Une lueur d’inquiétude brilla dans les yeux de certains membres du Conseil. Celui qui venait de parler n’était autre que l’amiral Gaen Drommel, commandant du supercroiseur interstellaire Gardien, un vaisseau de la classe Executor. Un fait qui était en soi désagréable à la lumière de sa prise de position et devenait carrément terrifiant lorsque l’on savait que le Gardien était en orbite géostationnaire au dessus de… Coruscant.

- Je me sens également délié de mon serment de fidélité à l’Empire. L’homme qui incarnait cet Empire et justifiait ce serment est mort. Je n’ai rien à faire ici. Il me faut protéger mon secteur contre les menées des Rebelles et autres traîtres.

L’hologramme s’éteignit à son tour.

- Bon sang, éructa un Grand Moff. Ce salopard de Zsinj possède lui aussi un supercroiseur de type Executor !

Sur la console d’informations située en face de Pestage, ce dernier put également lire une information aussi déprimante : le Grand Moff Kaine, à qui l’on avait également confié un vaisseau Executor, avait décrété l’indépendance de son système regroupant cinq corporations impériales de grande taille désormais baptisées Alignement Pentastellaire. A défaut de lucidité et de loyauté, songea Pestage, Kaine ne manquait ni d’imagination, ni de gloriole.

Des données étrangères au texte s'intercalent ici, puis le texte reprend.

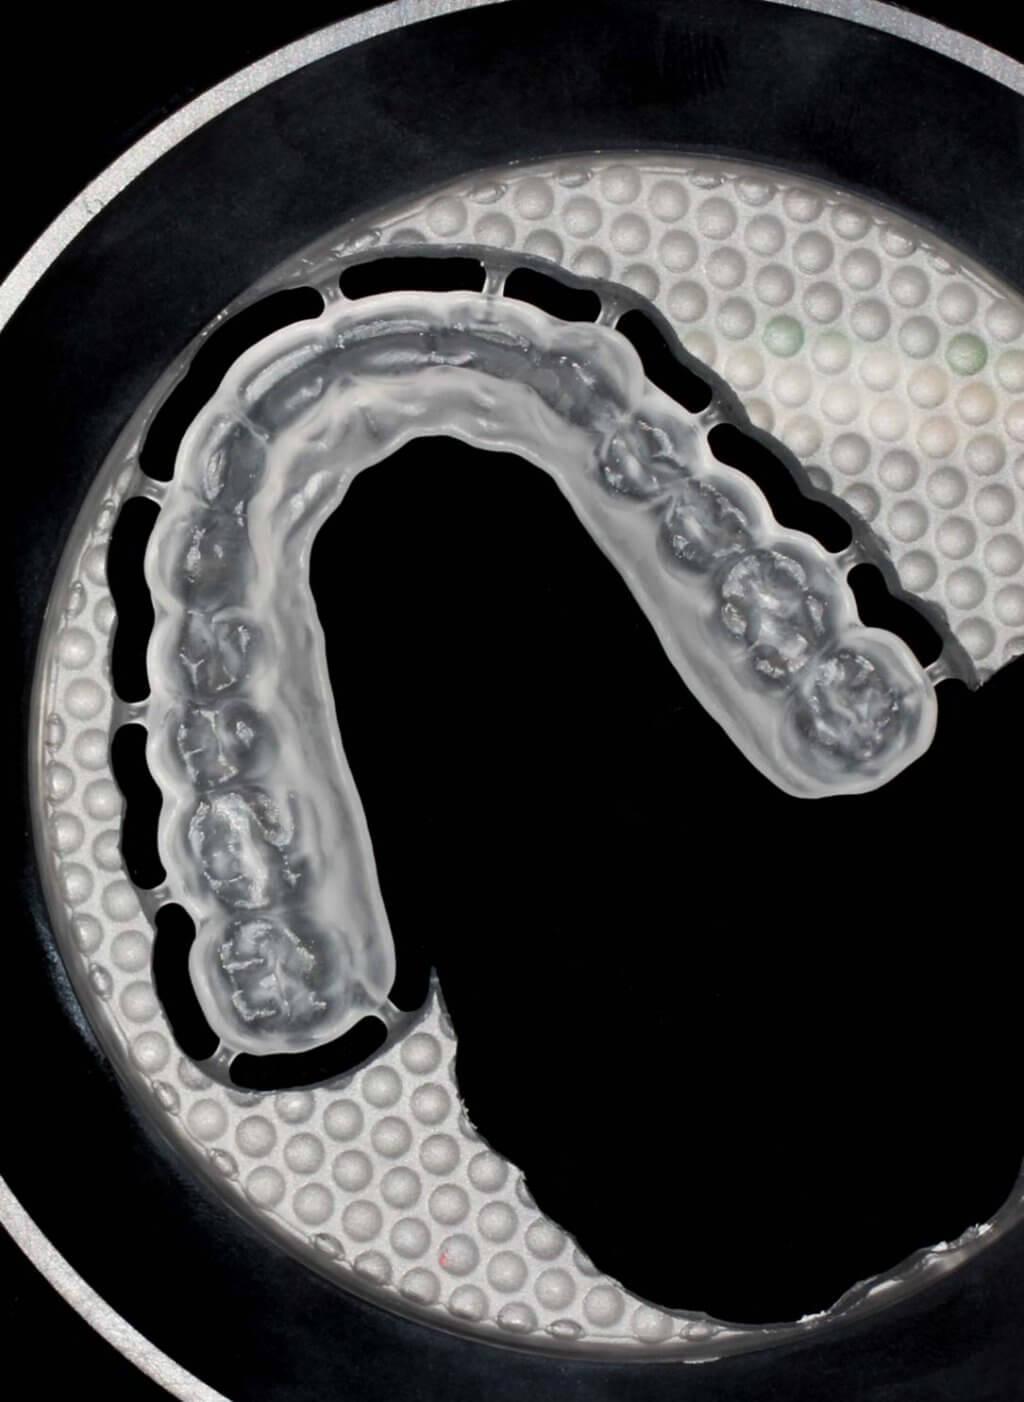 innovatie | Barnevelds Tandtechnisch Laboratorium

Et pendant quelques minutes, le même spectacle se répéta : le Grand Amiral Grunger constituait son propre royaume dans le secteur Gargon avec ses quarante destroyers, le Grand Amiral Teshik également, et ainsi de suite… Chacun y allait, assouvissant ses fantasmes de grandeur impériale. Pestage assistait à cette mascarade sécessionniste, fataliste et écoeuré. Un douloureux sentiment d’impuissance le paralysait – mais au fond, c’était un juste retour des choses. Palpatine avait sciemment détruit la République en attisant les séparatismes, quitte à se débarrasser de ces pantins ultérieurement. L’Empire périssait de la même manière…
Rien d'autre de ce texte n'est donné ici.